→ Dataset section
★ ★ ★ ★
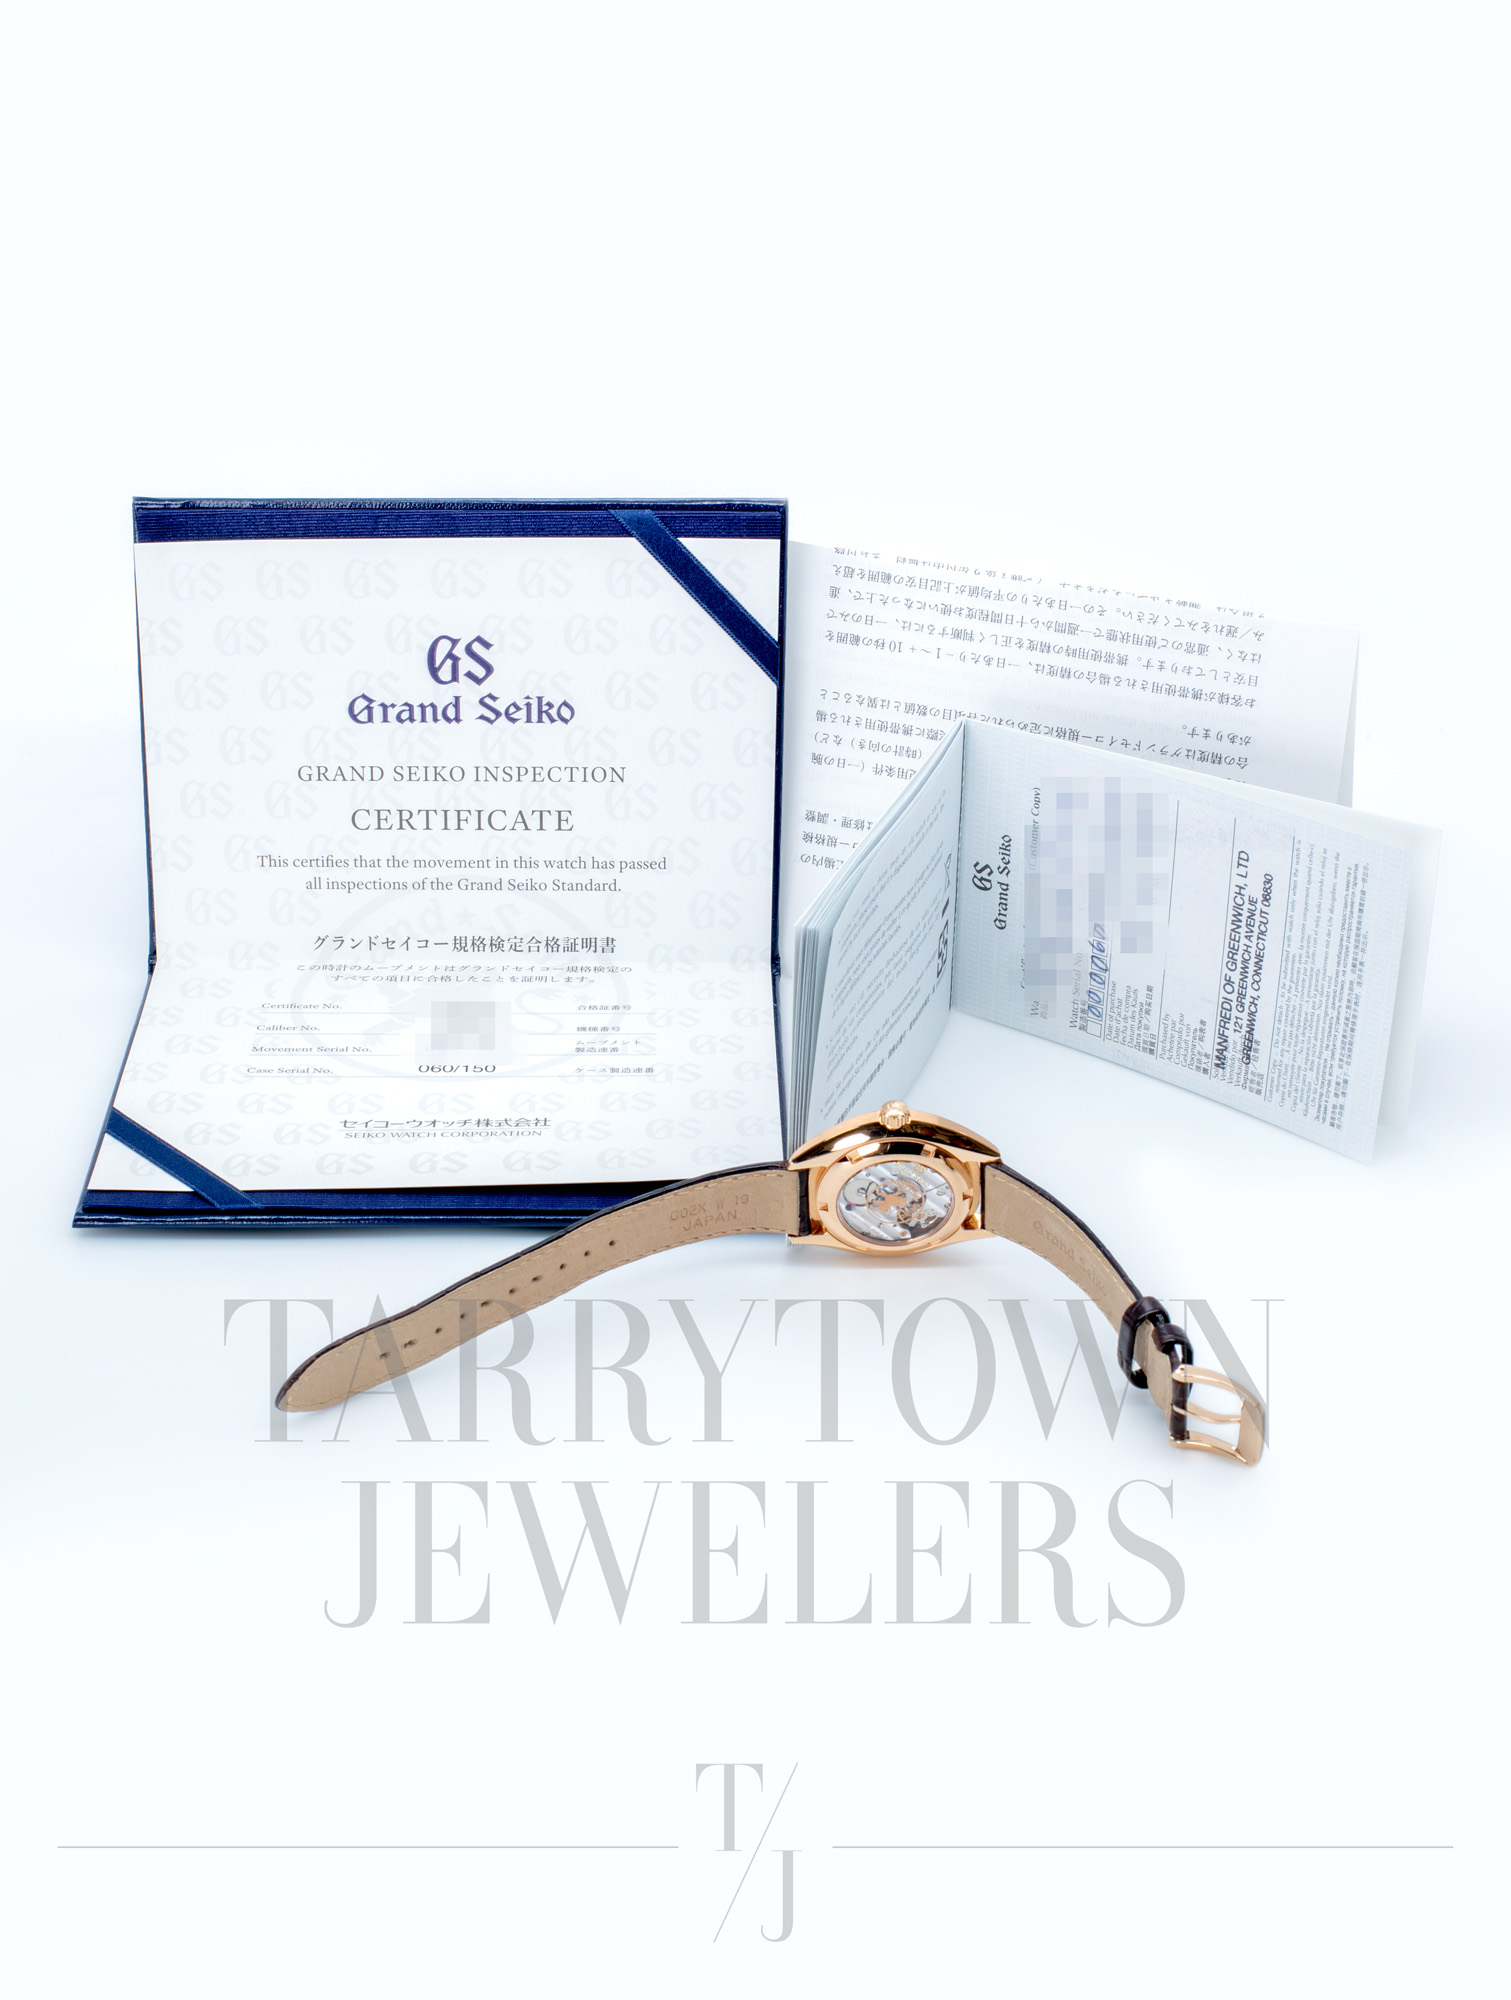 Elegance Collection Limited SBGK002 SBGK002 - Tarrytown Jewelers
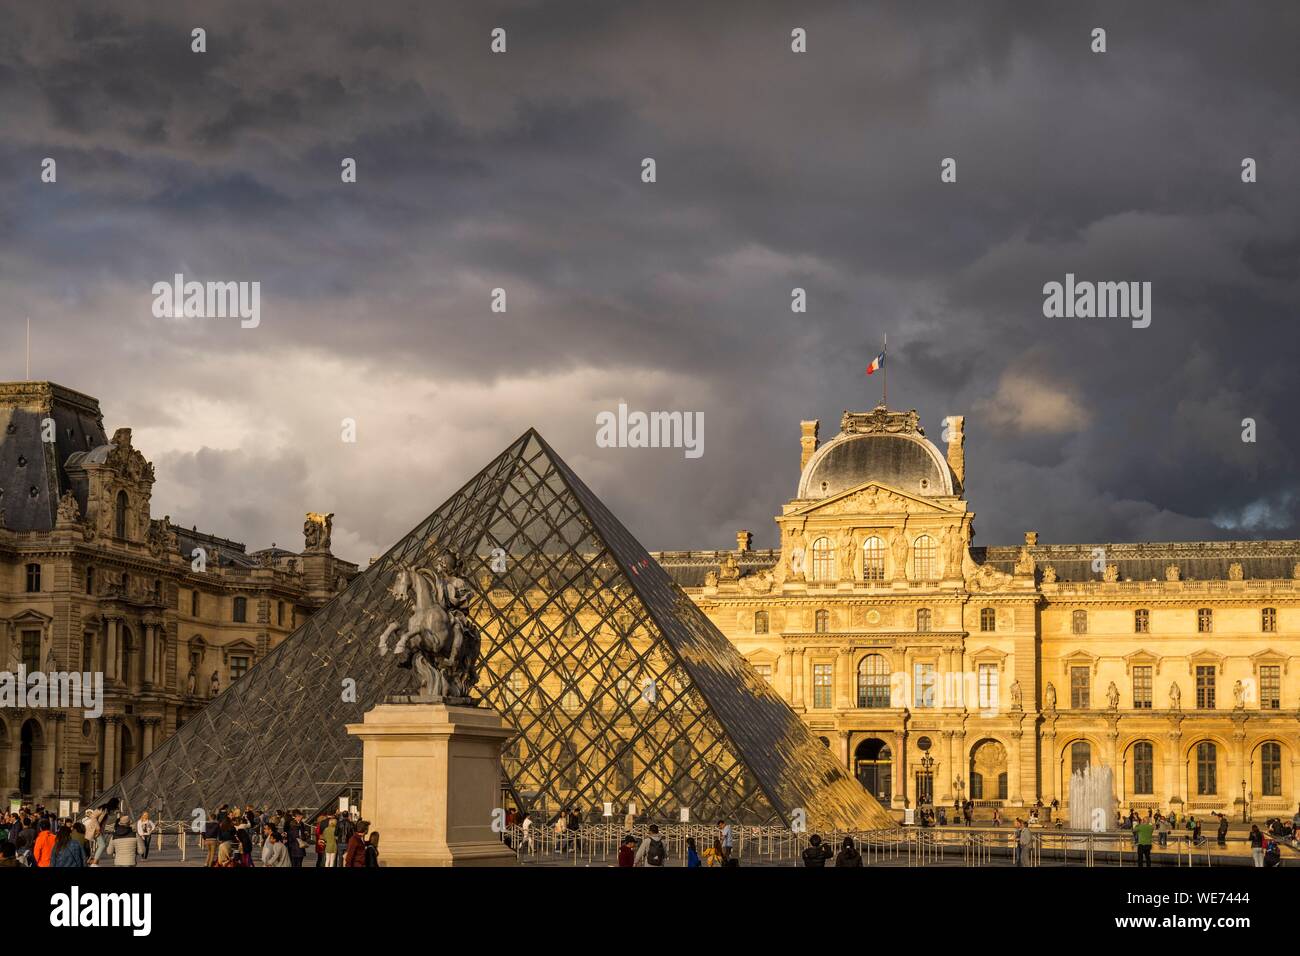 France, Paris, région classée au Patrimoine Mondial de l'UNESCO, le Musée du Louvre, la pyramide du Louvre par l'architecte Ieoh Ming Pei Banque D'Images
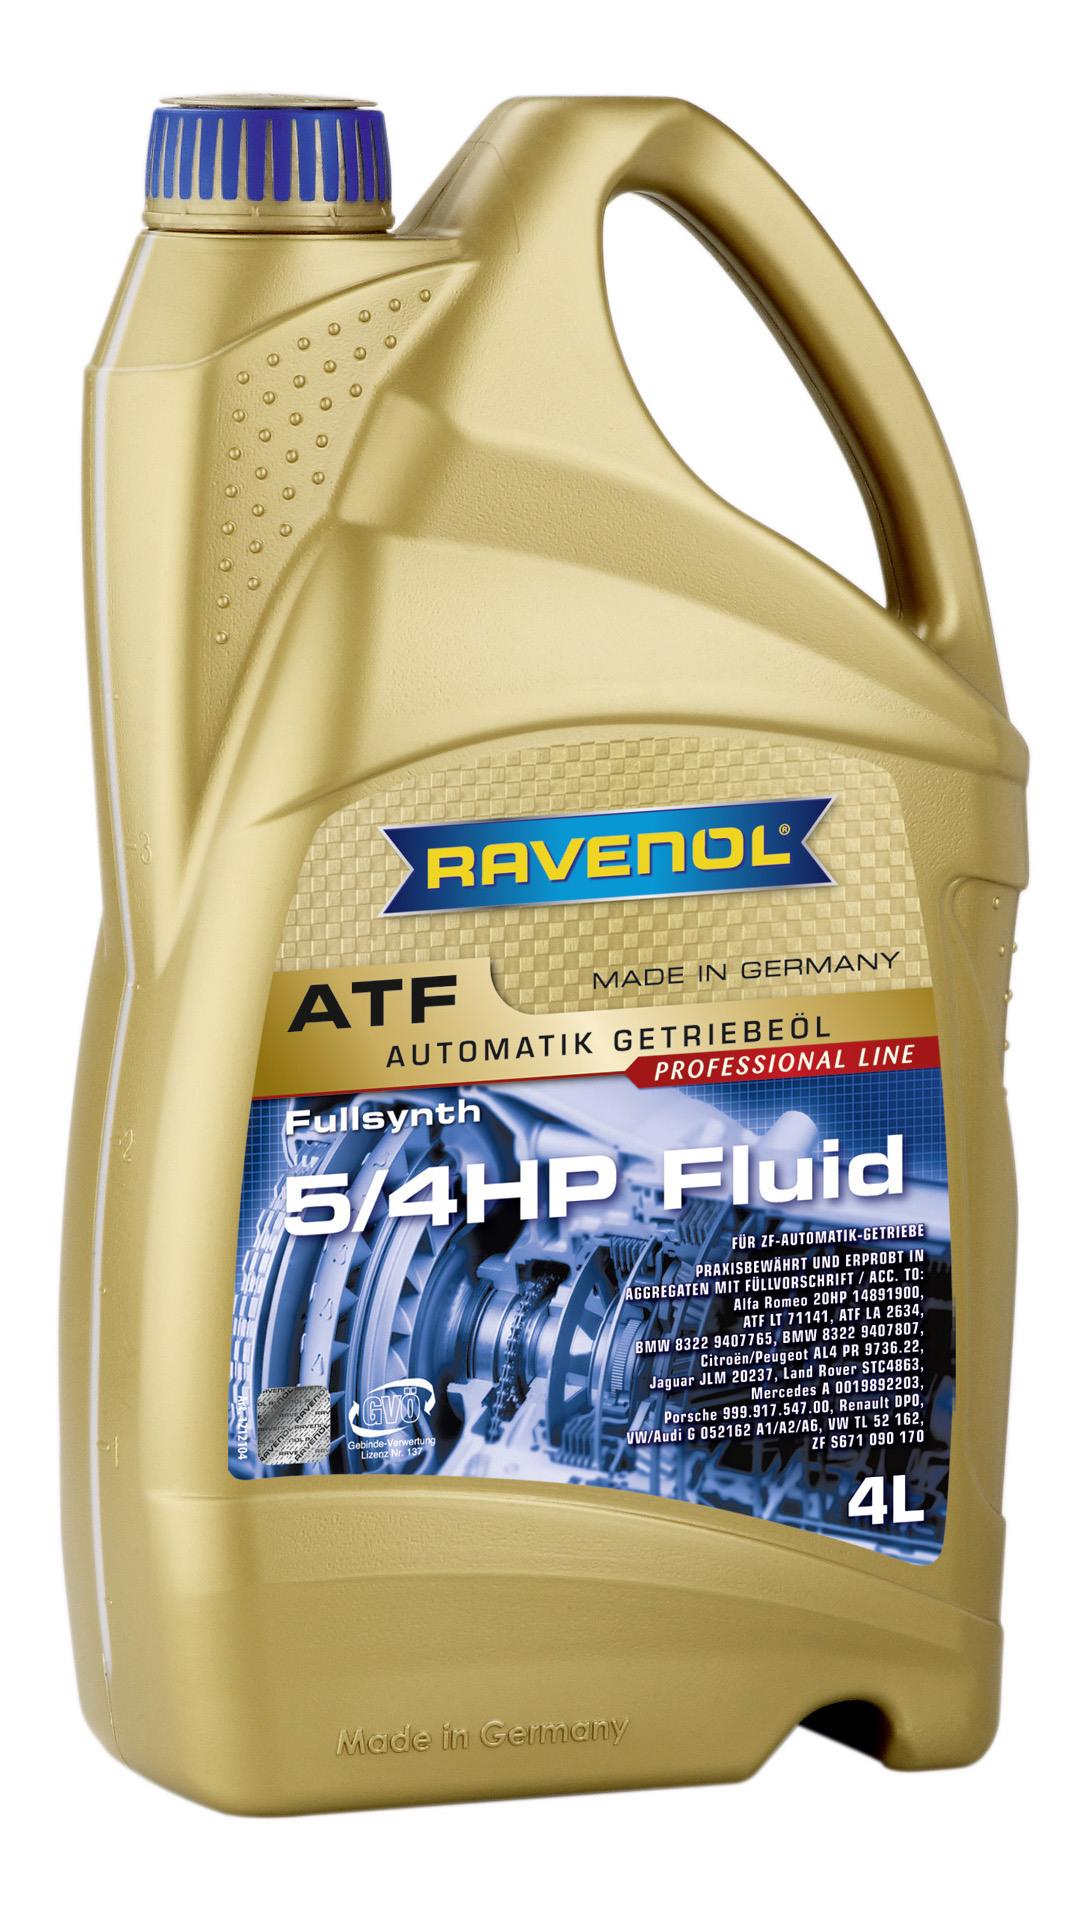 Трансмиссионное масло RAVENOL ATF 5/4 HP Fluid (4л) new
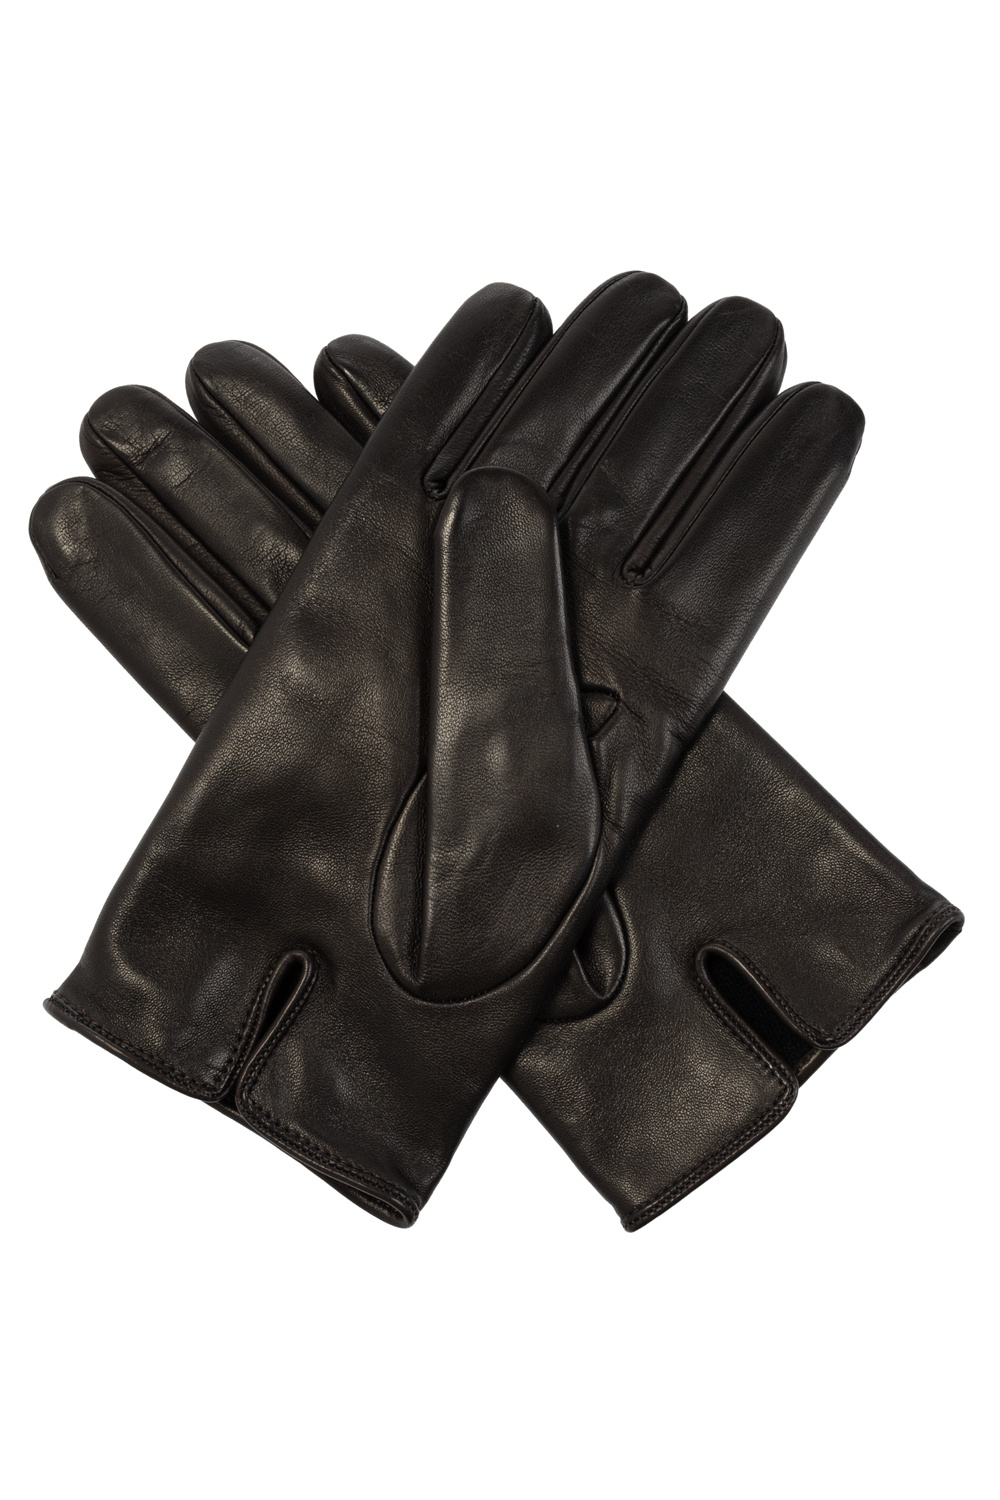 Emporio blk armani Leather gloves
★ ★ ★ ★
Your answer should hold only the lines from the one with "France, Paris, région" through the final line of the listing above, transcribed exactly and without pictures.

→ Output of the task
 France, Paris, région classée au Patrimoine Mondial de l'UNESCO, le Musée du Louvre, la pyramide du Louvre par l'architecte Ieoh Ming Pei Banque D'Images
 Трансмиссионное масло RAVENOL ATF 5/4 HP Fluid (4л) new
 Emporio blk armani Leather gloves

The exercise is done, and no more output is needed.